Антонина опять прикорнула на плече спутника, а тот обнял её, постаравшись устроить поудобнее. Березин ещё беспокоился, как будет кормить девушку, всё же местная кухня отличалась своеобразием, но варёное без соли мясо та приняла на удивление спокойно – наверное, от усталости. Впрочем, даже усталость не заставила её согласиться на юколу – сушёную рыбу, также несолёную.

За стенками шатра звучала ночная жизнь тундры – кричали птицы, то и дело проносились мимо звери, – и покров из шкур не ослаблял звуков, да ещё в яранге кто-то раскатисто, гулко храпел. Но ночь всё равно прошла спокойно. Обычно чуткий сон Антонины от усталости настолько окреп, что не разбудили даже поднявшиеся чуть свет, чтобы приготовить еду, женщины. И чистота шкур, на которых гости устроились, тоже волновала мало. А уж рука Сидора вместо подушки и его крепкие объятья и вовсе скорее радовали, чем смущали: спалось в них надёжно, сладко и совсем не холодно.

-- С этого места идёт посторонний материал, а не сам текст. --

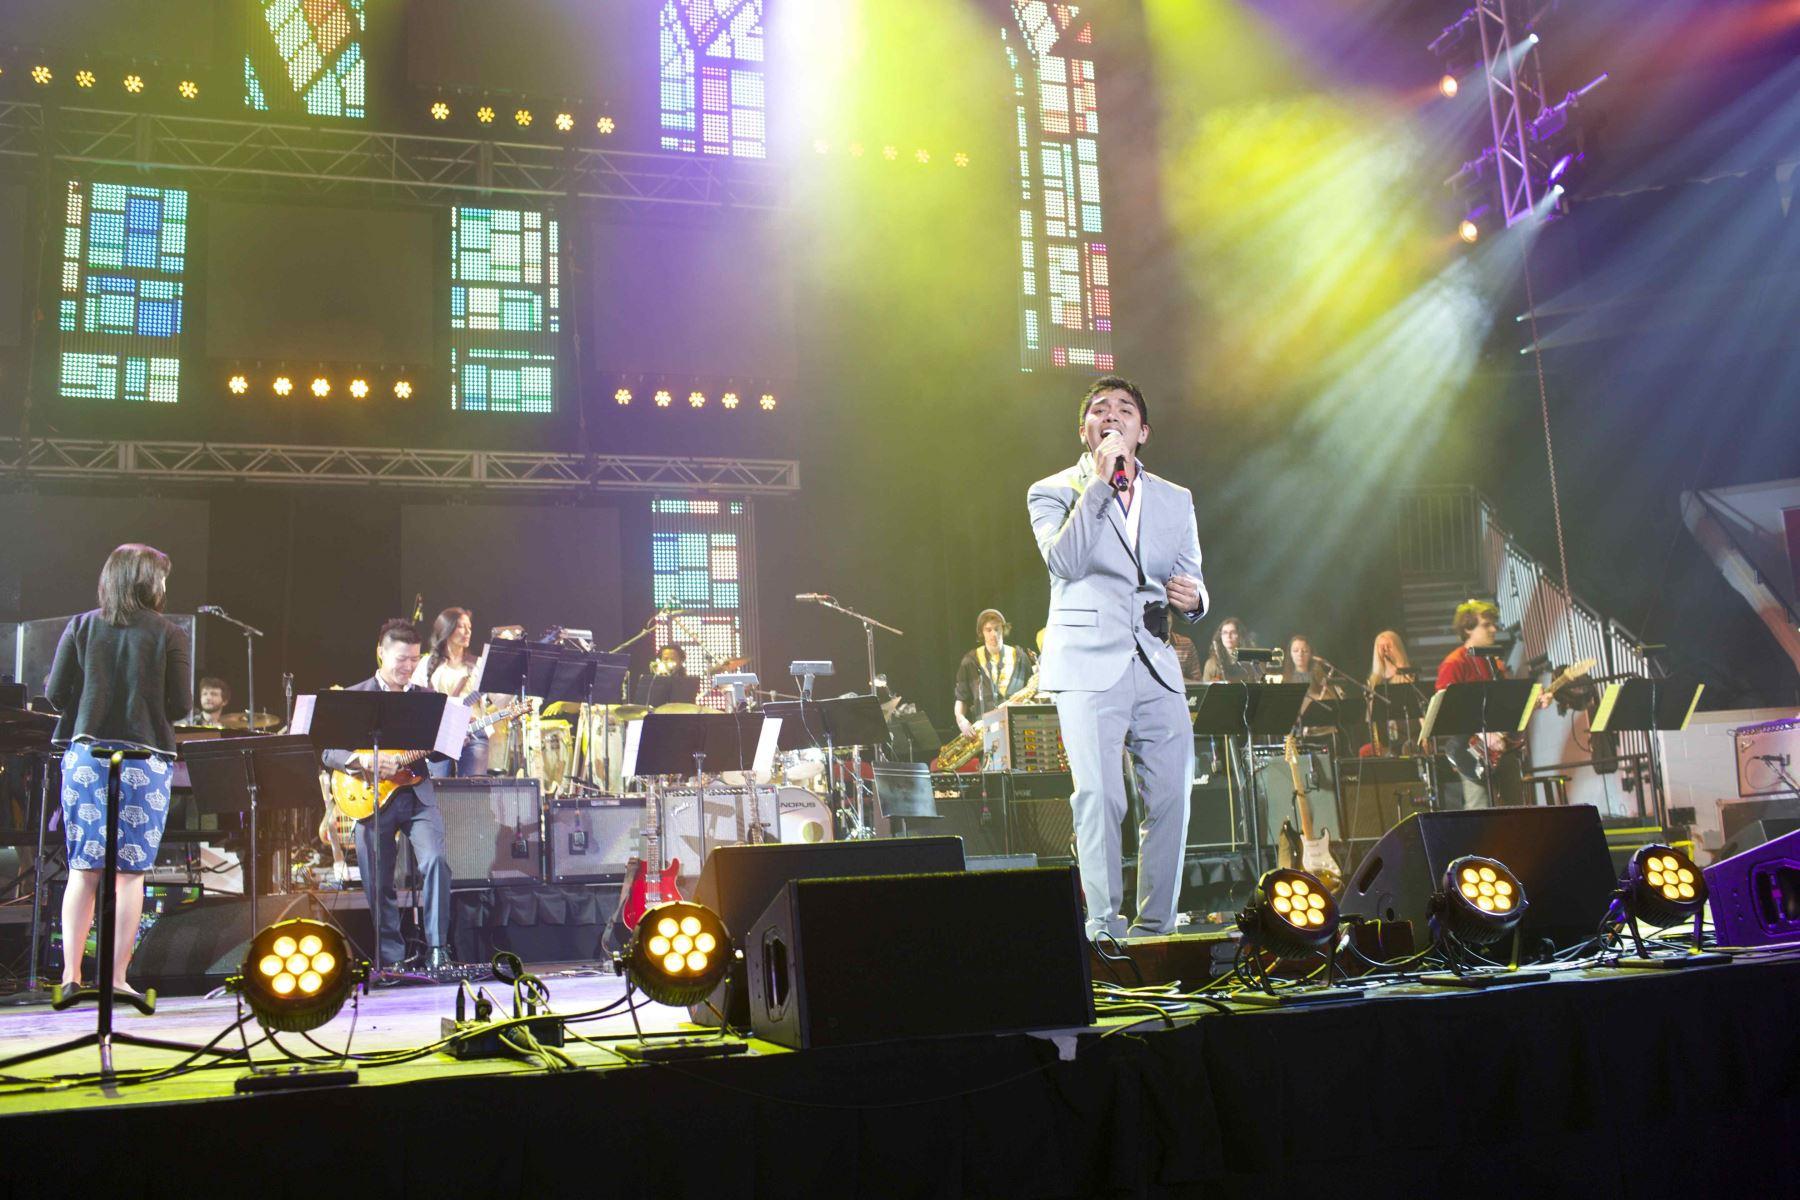 Cantando en la noche de graduación con la presencia de Julio Iglesias.

Утро принесло добрые вести: оказалось, семейство Эрыквына стояло недалеко от Ново-Мариинска. Не так близко, чтобы дойти за пару часов, но вполне можно было успеть до темноты. Насилу пробудившаяся, и то не до конца, Антонина немного повздыхала сокрушённо над всё тем же варёным, да ещё с добавленным жиром, мясом, тоскуя о доброй каше. Но в этот раз хозяйка расщедрилась и на соль, и на какие-то специи, и на толчёную бруснику в качестве соуса, так что оказалось неожиданно вкусно, пусть странно и непривычно. А что есть приходилось руками – оставалось положиться на крепкое здоровье жiвницы.

Погода тоже оказалась не чета вчерашней, синий небосвод покрывал белый крап облаков, словно неведомый художник стряхнул на лазурное полотнище акварельные капли с огромной кисти. Пламенеющая оттенками красного тундра, кое-где заплатанная серой материей скал и пёстрым ситцем ещё цветущих прогалин, ждала близкой осени.

Выбравшись из яранги на свежий воздух, Антонина ощутила то же облегчение, с каким вчера оказалась под немудрёным кровом. Прохладный утренний воздух пах горькой свежестью и влагой, а золотой круг выбравшегося из-за сопки солнца обещал тёплый день. Обманывал – намекнул ударивший в лицо порыв холодного ветра, и Бересклет надвинула берет поглубже.

Прощание с Эрыквыном, его ярангой, семьёй и стойбищем, в котором наутро обнаружилось целых четыре шатра и немало народу, прошло коротко и прохладно: шаман явно рад был отделаться от сложных гостей, а те торопились домой.

– Интересно, что будет теперь с Верой и Эдуардом? – заговорила Антонина, когда они немного отошли от жилья.

Обсудить это хотелось и раньше, но не было сил, да и не в присутствии постороннего. Эрыквын помог им в поисках, но девушка прекрасно понимала, что не найдёт общего языка с этим шаманом в дальнейшем. Впрочем, вряд ли он станет настаивать, тут ей повезло с заступничеством Сидора.

И с ним самим, кажется, повезло, пусть и хочется совершить какую-то глупость назло слухам.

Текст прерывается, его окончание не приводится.